Solution 6 — `errgroup` for multiple subsystems¶

g, gctx := errgroup.WithContext(rootCtx)

g.Go(func() error {
    if err := apiSrv.ListenAndServe(); err != nil &&
        !errors.Is(err, http.ErrServerClosed) {
        return err
    }
    return nil
})
g.Go(func() error {
    if err := metricsSrv.ListenAndServe(); err != nil &&
        !errors.Is(err, http.ErrServerClosed) {
        return err
    }
    return nil
})
g.Go(func() error {
    <-gctx.Done()
    ctx, cancel := context.WithTimeout(context.Background(), 25*time.Second)
    defer cancel()
    eg, ectx := errgroup.WithContext(ctx)
    eg.Go(func() error { return apiSrv.Shutdown(ectx) })
    eg.Go(func() error { return metricsSrv.Shutdown(ectx) })
    return eg.Wait()
})
return g.Wait()

Solution 8 — Phase machine (skeleton)¶

See middle.md "Recipe: a lifecycle manager struct" for a working implementation.
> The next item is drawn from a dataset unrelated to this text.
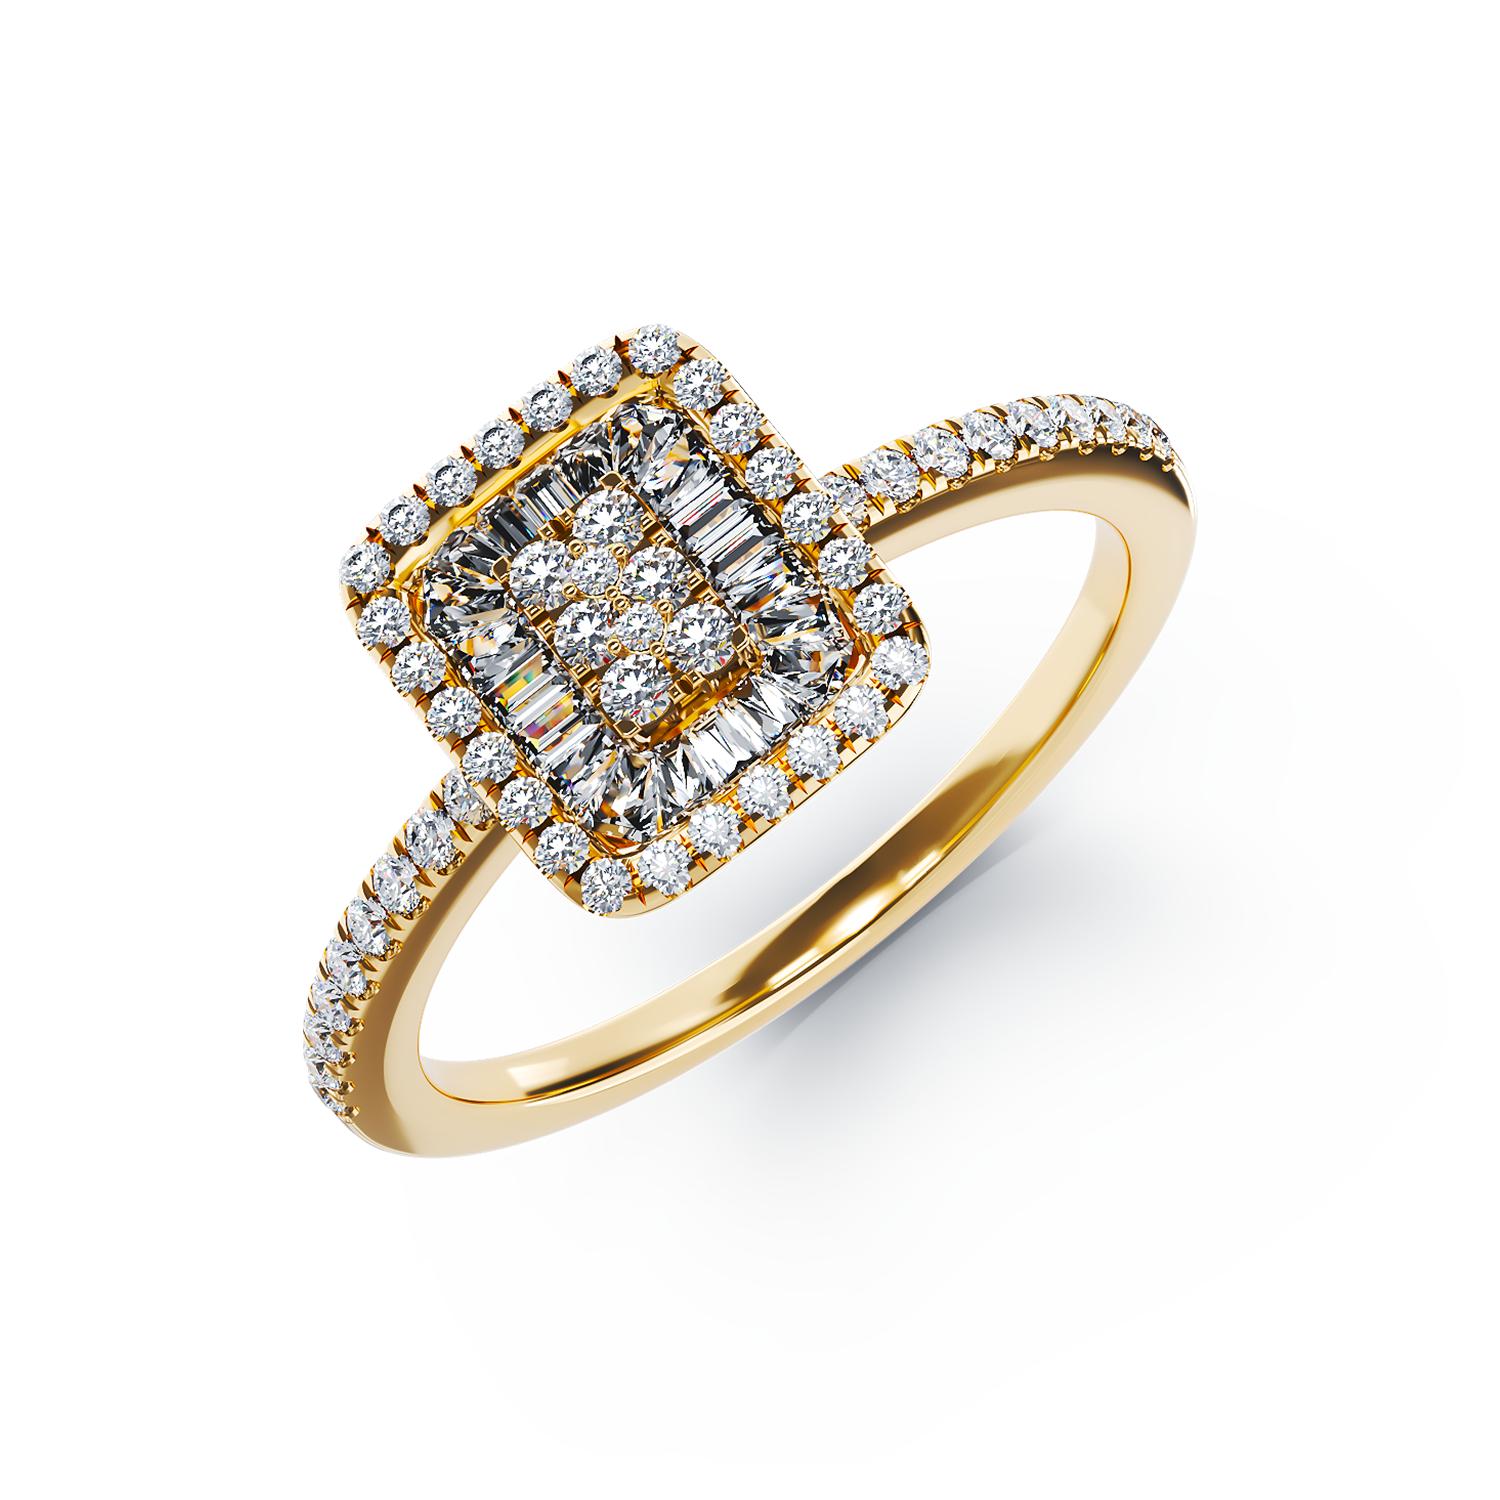 Eljegyzési gyűrű 18K-os sárga aranyból 0,12ct gyémánttal és 0,17ct gyémánttal. Gramm: 2,83

Solution 10 — Integration test¶

func TestGracefulShutdown(t *testing.T) {
    cmd := exec.Command("go", "run", "./cmd/server")
    require.NoError(t, cmd.Start())
    defer cmd.Process.Kill()

    time.Sleep(500 * time.Millisecond) // wait for bind

    reqDone := make(chan int, 1)
    go func() {
        resp, err := http.Get("http://localhost:8080/")
        if err == nil {
            reqDone <- resp.StatusCode
        } else {
            reqDone <- -1
        }
    }()

    time.Sleep(100 * time.Millisecond)
    require.NoError(t, cmd.Process.Signal(syscall.SIGTERM))

    select {
    case code := <-reqDone:
        require.Equal(t, 200, code)
    case <-time.After(5 * time.Second):
        t.Fatal("request did not complete")
    }

    done := make(chan error, 1)
    go func() { done <- cmd.Wait() }()
    select {
    case err := <-done:
        require.NoError(t, err)
    case <-time.After(5 * time.Second):
        t.Fatal("process did not exit")
    }
}

Solution 11 — WebSocket registry¶

type WSRegistry struct {
    mu    sync.Mutex
    conns map[*websocket.Conn]struct{}
}

func (r *WSRegistry) Add(c *websocket.Conn) {
    r.mu.Lock()
    r.conns[c] = struct{}{}
    r.mu.Unlock()
}

func (r *WSRegistry) Remove(c *websocket.Conn) {
    r.mu.Lock()
    delete(r.conns, c)
    r.mu.Unlock()
}

func (r *WSRegistry) DrainAll(ctx context.Context) {
    r.mu.Lock()
    conns := make([]*websocket.Conn, 0, len(r.conns))
    for c := range r.conns {
        conns = append(conns, c)
    }
    r.mu.Unlock()

    // Phase 1: send close frame
    for _, c := range conns {
        _ = c.WriteControl(websocket.CloseMessage,
            websocket.FormatCloseMessage(1001, "going away"),
            time.Now().Add(time.Second))
    }

    // Phase 2: wait briefly
    deadline := time.Now().Add(5 * time.Second)
    for time.Now().Before(deadline) {
        r.mu.Lock()
        n := len(r.conns)
        r.mu.Unlock()
        if n == 0 { return }
        select {
        case <-ctx.Done(): break
        case <-time.After(100 * time.Millisecond):
        }
    }

    // Phase 3: force-close
    r.mu.Lock()
    conns = conns[:0]
    for c := range r.conns {
        conns = append(conns, c)
    }
    r.mu.Unlock()
    for _, c := range conns {
        _ = c.Close()
    }
}

Final notes¶

Each task builds on the previous. Work through them in order; by Task 20 you have a production-grade graceful shutdown system.

After all 20, you can claim deep practical fluency in graceful shutdown patterns.